Dictatorships that degenerate to the benefit of a limited circle of bureaucrats and praetorians have always been preceded by ideological proclamations that are hypocritically masked under formulas of a populist nature, whether democratic or national, and under the pretext of having the broad popular masses behind them. The revolutionary party, on the other hand, does not hesitate to declare its intention to attack the state and its institutions and to hold the defeated class under the despotic weight of the dictatorship, even when it admits that only an advanced minority of the oppressed class has been able to understand this requirement of the struggle.
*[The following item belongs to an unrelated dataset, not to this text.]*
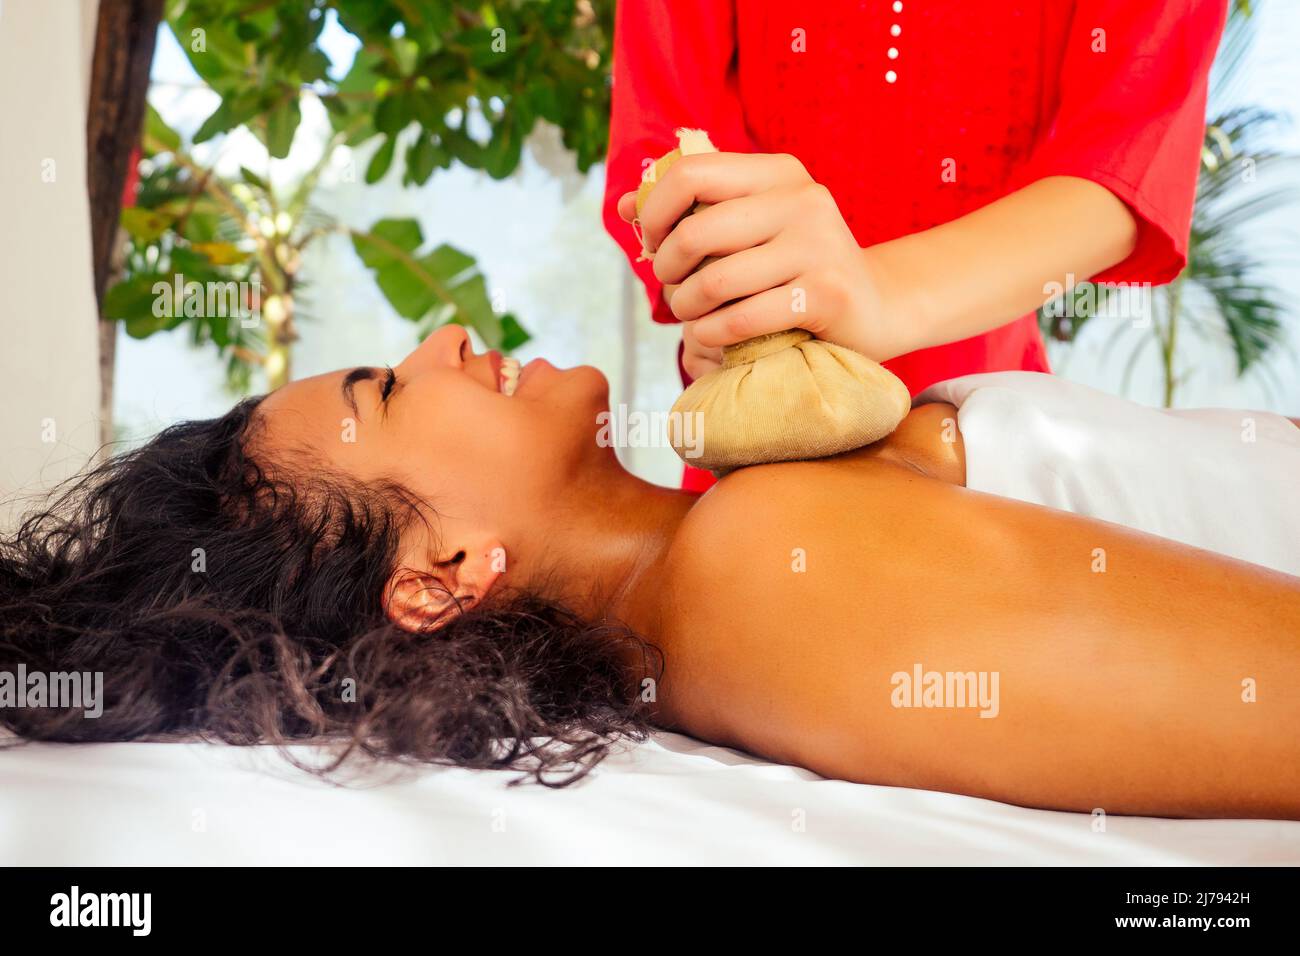 Femme indienne recevant un massage ayurvédique dans un complexe tropical en Inde Goa Banque D'Images

“The communists – says the Manifesto – disdain to conceal their views and aims.” Only renegades from communism boast of achieving them while keeping them cunningly disguised.

 3) The party must effect a strict organizational rigour in the sense that it does not accept self‑enlargement by means of compromises with other groups, large or small, or worse still through bargaining over concessions with alleged bosses and leaders in order to win rank-and-file members.

 4) The party must struggle for a clear historical comprehension of the basic antagonism that underlies the struggle. Communists claim the initiative in leading the assault against an entire world of structures and traditions; they know they constitute a danger for the privileged as a whole, and call on the masses to embark on an offensive struggle, and not a defensive one against the alleged dangers of losing so‑called benefits and advancements, conquered within the capitalist world. Communists do not rent out nor lend out their party to take remedial actions in defence of causes that are not their own, and of non‑proletarian objectives such as freedom, the fatherland, democracy and other such lies. “The workers know they have nothing to lose in the struggle except their chains”.

 5) Communists renounce the entire spectrum of tactical expedients which have been invoked on the back of demands to accelerate the adherence of broad layers of the masses to the revolutionary programme. These expedients are: the political compromise, alliances with other parties, the united front, and the various formulas regarding the state used as a substitute for the proletarian dictatorship – workers’ and peasants’ government, popular government, progressive democracy.
Communists recognize that historically one of the main conditions for the dissolution of the proletarian movement and of the soviet communist regime lay precisely in the use of these tactical methods, and they consider those who deplore the opportunist plague of the Stalinist movement, yet at the same time advocate this tactical paraphernalia, to be more dangerous enemies than the selfsame Stalinists.